Russia’s FSB sees a threat from foreign Arctic researchers and Indigenous peoples activists

Vladimir Kulishov, who heads the Border Guard Service, said concern for environmental issues and Indigenous peoples is a pretext for other aims.

By Atle Staalesen, The Independent Barents Observer - May 29, 2020

The head of Russia’s Border Guard Service, a branch of the federal security service FSB, says that foreign researchers and Indigenous peoples activists operating in the Arctic aim to challenge the current legal and territorial status of the region and to undermine Russia’s development of natural resources.

In a lengthy interview with news agency TASS, Vladimir Kulishov points a warning finger against foreign engagements in the region. According to the general, Russia’s far northern waters are among the regions that now attract growing interest from foreign intelligence services, as well as foreign armed forces.

“A number of foreign countries continue to conspire for an inclusion of the waters of Russia’s exclusive economic zone and areas of the continental shelf into their zones of prioritized interest,” Kulishov says.

And they are covertly assisted by various civil society stakeholders, he makes clear. That includes foreign supporters of Russia’s Indigenous peoples.

“Under the pretext of protecting the rights of Indigenous peoples and marine environments, various international organizations undertake efforts to restrict shipping on the Northern Sea Route, challenge the legal and territorial status of the Arctic and undermine Russia’s stable development of mineral resources,” the high-ranking FSB representative says.

Arctic research is also a growing issue of concern, Kulishev argues.

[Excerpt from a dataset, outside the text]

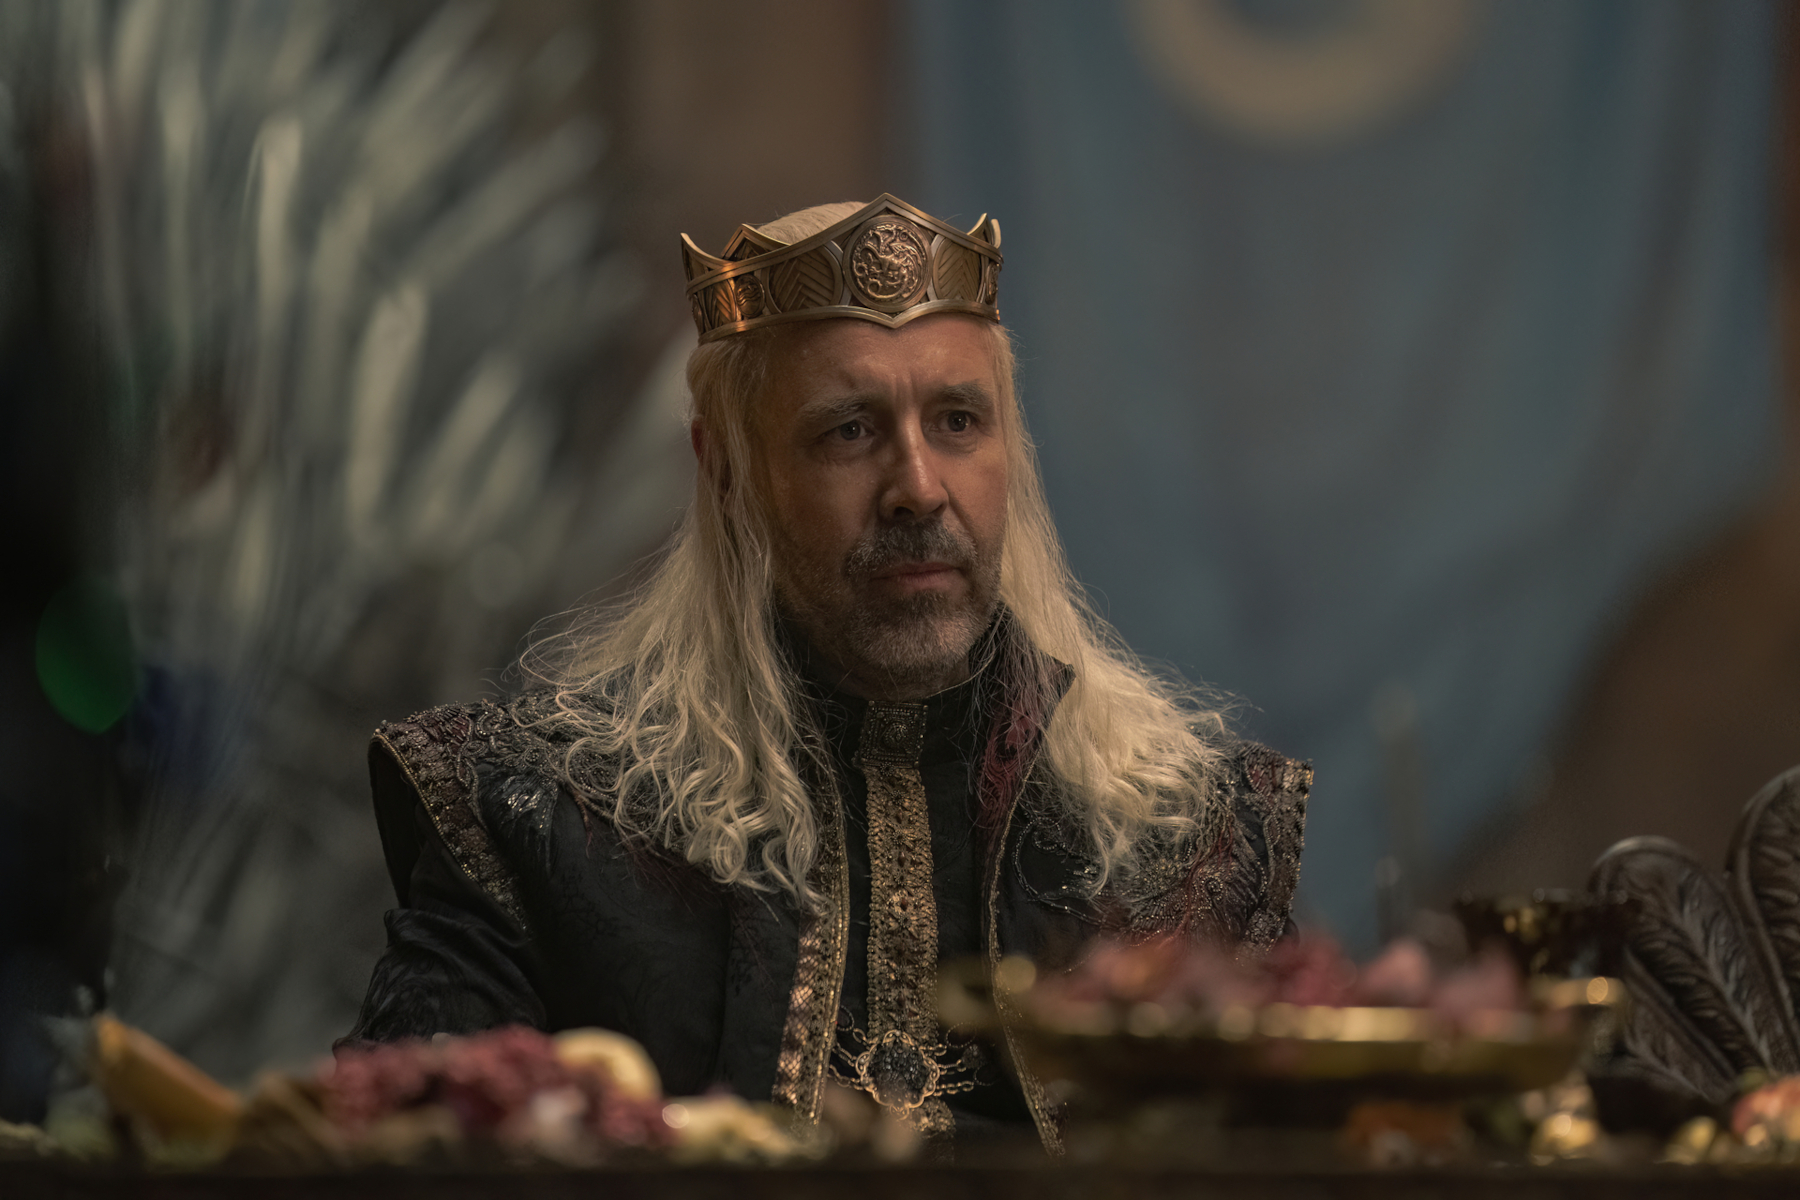 Paddy Considine as King Viserys Targaryen in 'House of the Dragon.' He's sitting at a table, there's food on it, and he's wearing his crown.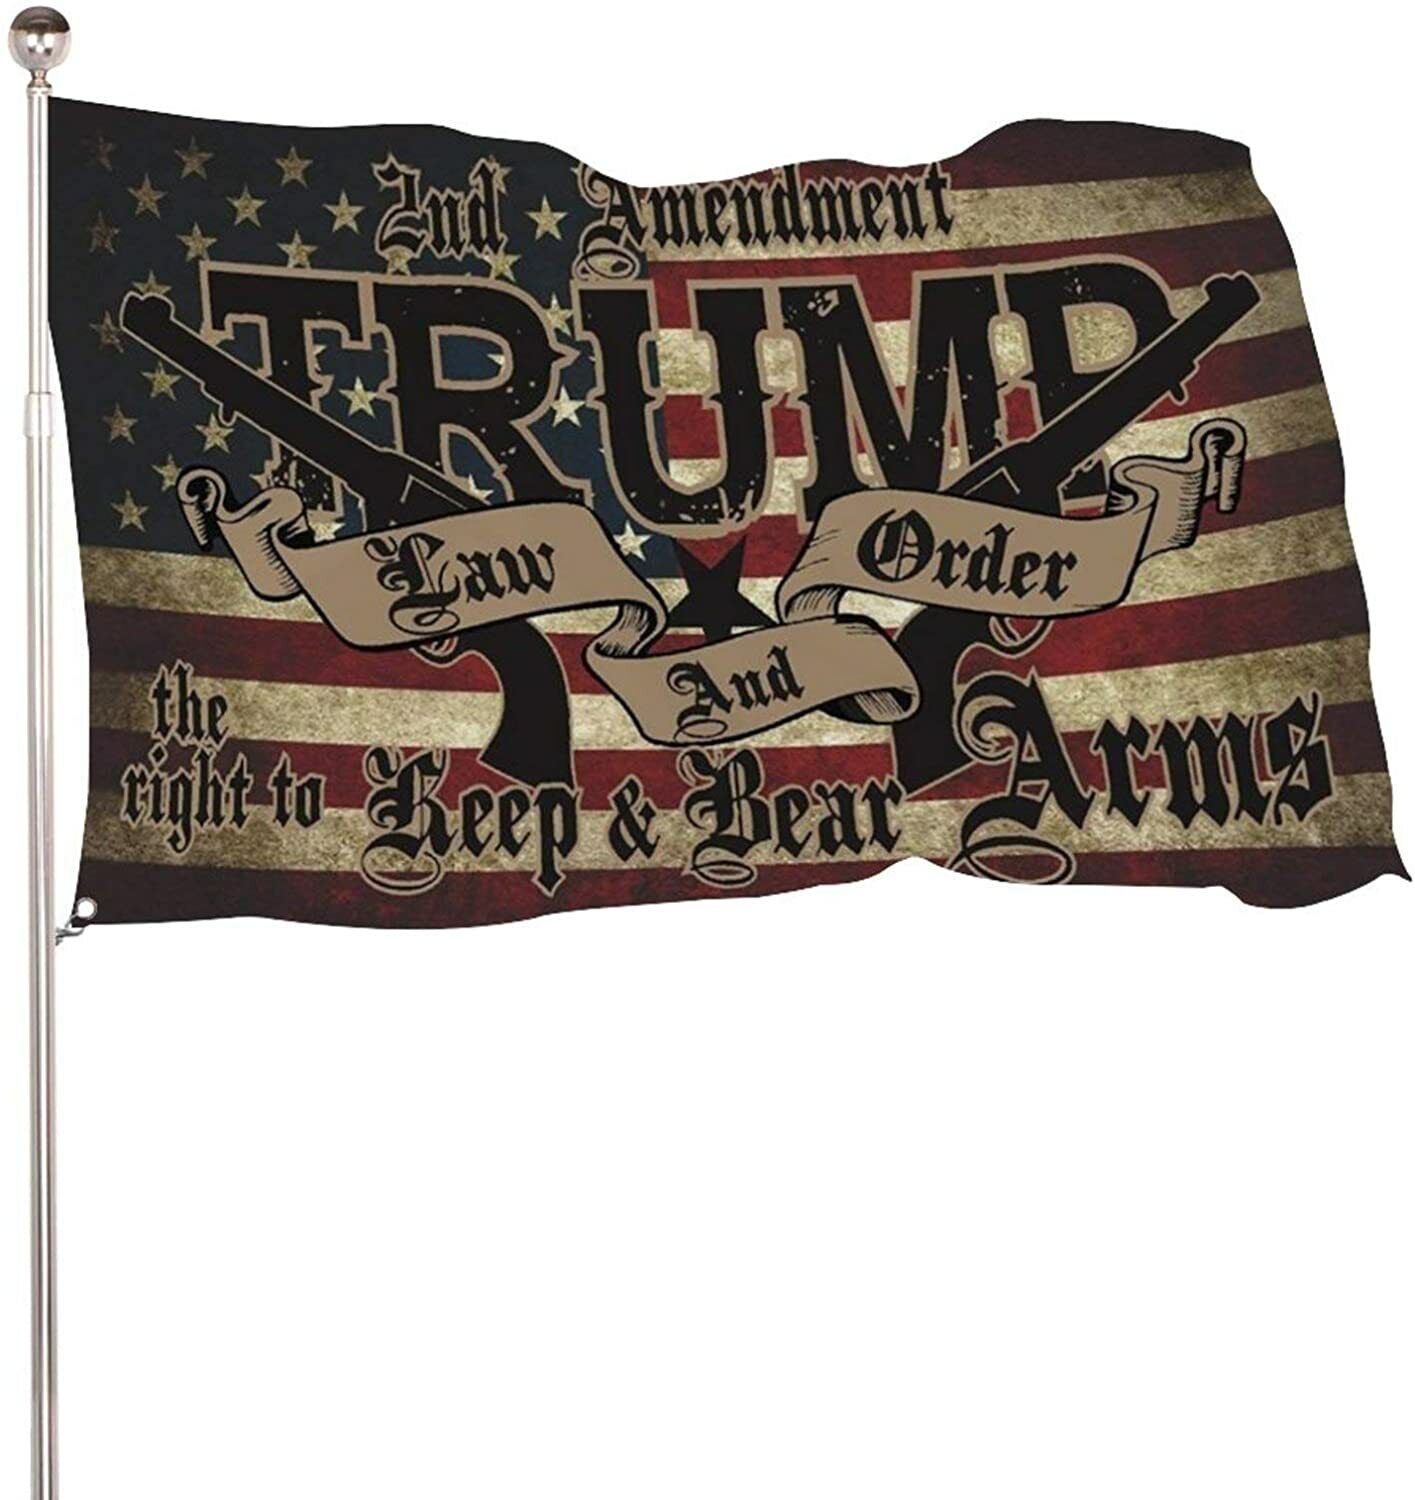 2nd Amendment Trump Law And Order The Right To Keep & Bear Arms 3Ft x 5FT

“There is a growing drive among foreign research institutions towards the resource potential of the seas that are under the jurisdiction of Russia, especially in the Arctic region,” he underlines to the news agency.

The interview is held in connection with the annual Day of the Border Guard Service on May 28.

The Border Guard Service, part of the FSB, includes the Coast Guard. In its current form it was established in 2003.

Over the last years, the service has significantly strengthened its position in the Arctic. In 2016, President Putin signed a bill that gives the FSB the full prerogatives for law enforcement on the Northern Sea Route.

Since then, the security service has autonomously taken action against ships operating along the Russian Arctic coast.

A number of new patrol vessels has been included in the service, among them the powerful Polyarnaya Zvezda that began duty in the Murmansk border service in 2017.

The level of training activity has increased, and in April 2017 a Border Guard unit for the first time exercised near the North Pole.

According to Kulishov, the Border Guard Service now has an operational system for monitoring and situations analysis across the Russian Arctic waters.

“We follow the development of the Northern Sea Route and provide security to shipping along this important transport corridor, as well as to exploration and production of energy resources,” he says to TASS.

In 2019, border patrol vessels engaged in operations around the Novaya Zemlya and the Bering Sea. A total of 70 cases of violation of border zone laws and environmental regulations were discovered during those operations, he confirms. That same year, a group of patrol vessels sailed all across the Northern Sea Route from Murmansk to Petropavlovsk-Kamchatka.